For his company, social media's impact on Chinese PR can be most clearly felt in the area of crisis management.
"Crisis management is a large part of what we do. Every day, we deal with many cases out of the hundreds of clients that we have," Zhao says.
"What is being said in micro blogs, online forums and other online platforms are all issues for businesses and stakeholders to follow up on.
"That also means that communication is key to solving these cases. For example, if someone says something negative about our clients online, we first try to contact this person and find out what exactly it is all about. If there is some discrepancy, we go through our clients to see how the problem can be addressed and whether a satisfactory answer is reached," Zhao says.
"Where the media is concerned, we need to communicate with them and let them know what the issue is about from the customer's side. Then we help make sure that whatever reports they produce are as complete as possible.

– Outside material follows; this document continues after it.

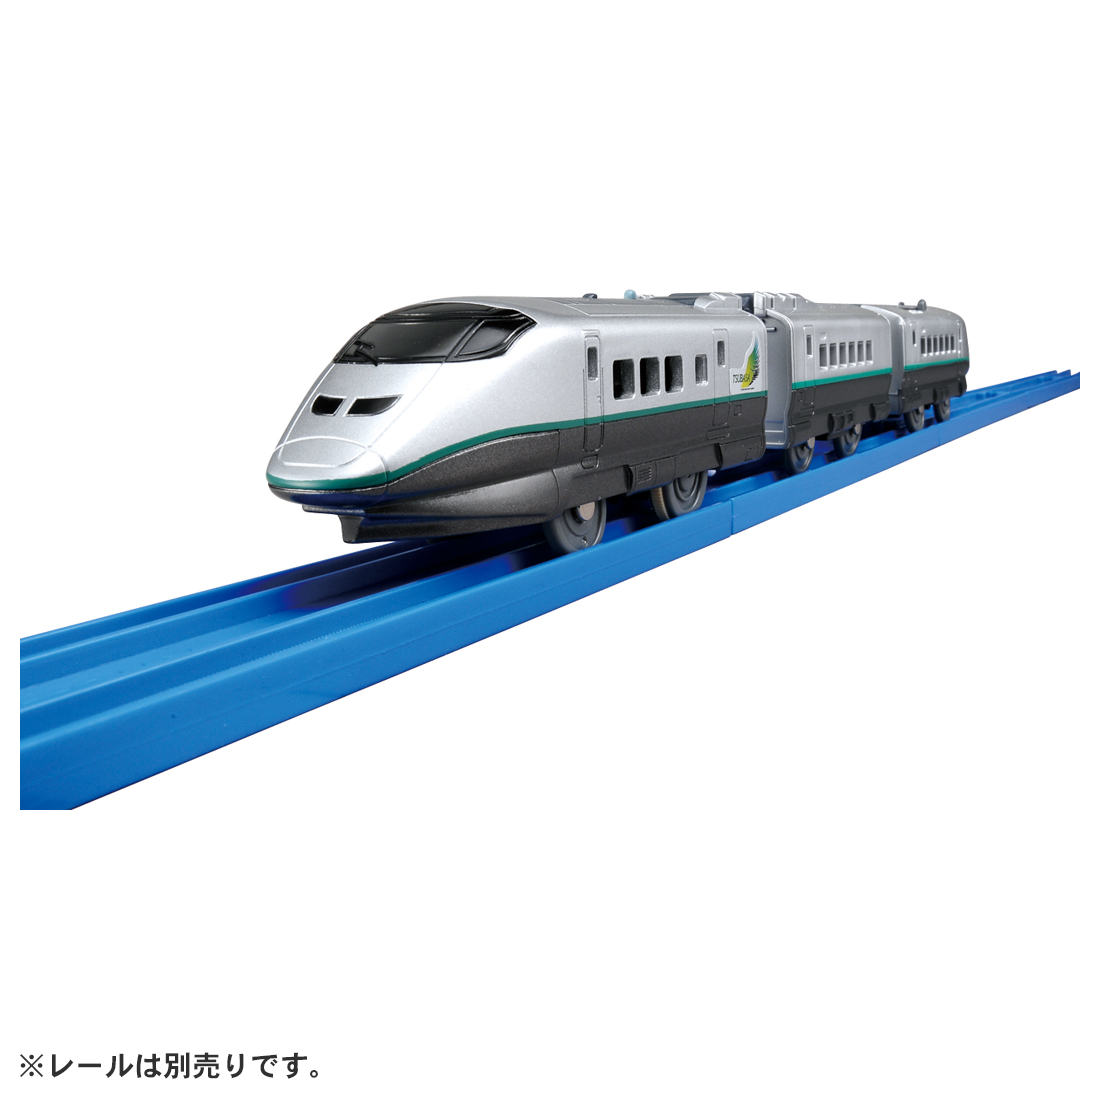 タカラトミー プラレール S-06 E3系新幹線つばさ(連結仕様)

"Our response has to be very fast. We typically have to address any issue in one to two hours now with the Internet playing such a big role. When it blows up it can be very difficult to control or manage."
That also means technology is beginning to feature very highly on his agency's agenda, Zhao says.
And finding the right people to manage all of that continues to be a huge obstacle for BlueFocus and the industry as a whole, he says.
"Human resources and talent continue to be a big challenge for us. The industry has been growing very fast in the past few years. People's skill sets just cannot keep up with the pace.
"We are not short of business or clients, we are short of people and talent. It's very difficult to find these people. As a professional services firm, we need time to nurture our talent, with new entrants typically needing about 2-3 years to take on work independently. The professional levels of the industry might be adversely affected."
Homegrown PR agencies like BlueFocus are very different from foreign players. But the similarities can only increase as the industry grows, he says. "International companies can increase their efforts to enter the Chinese market just as we push to increase our work overseas. This doesn't necessarily mean we need to have business operations overseas, but rather that we need international talent, and the standards and ways to solve problems.
"Chinese enterprises are of course beginning to fan out globally, but there are still very few competing globally. Even companies like Lenovo, for example, use foreign PR agencies for overseas work. Currently, many Chinese PR firms, ourselves included, might not have the capabilities to serve our clients in the global markets," Zhao says.
"Of course, we are doing some work overseas. But we will not directly operate overseas. We might consider expanding into overseas markets and serving our clients there through mergers and acquisitions.
"Our advantages are still in the local market. Once we get out of the door, we lose those advantages, whether it's people, resources or understanding of the specific market."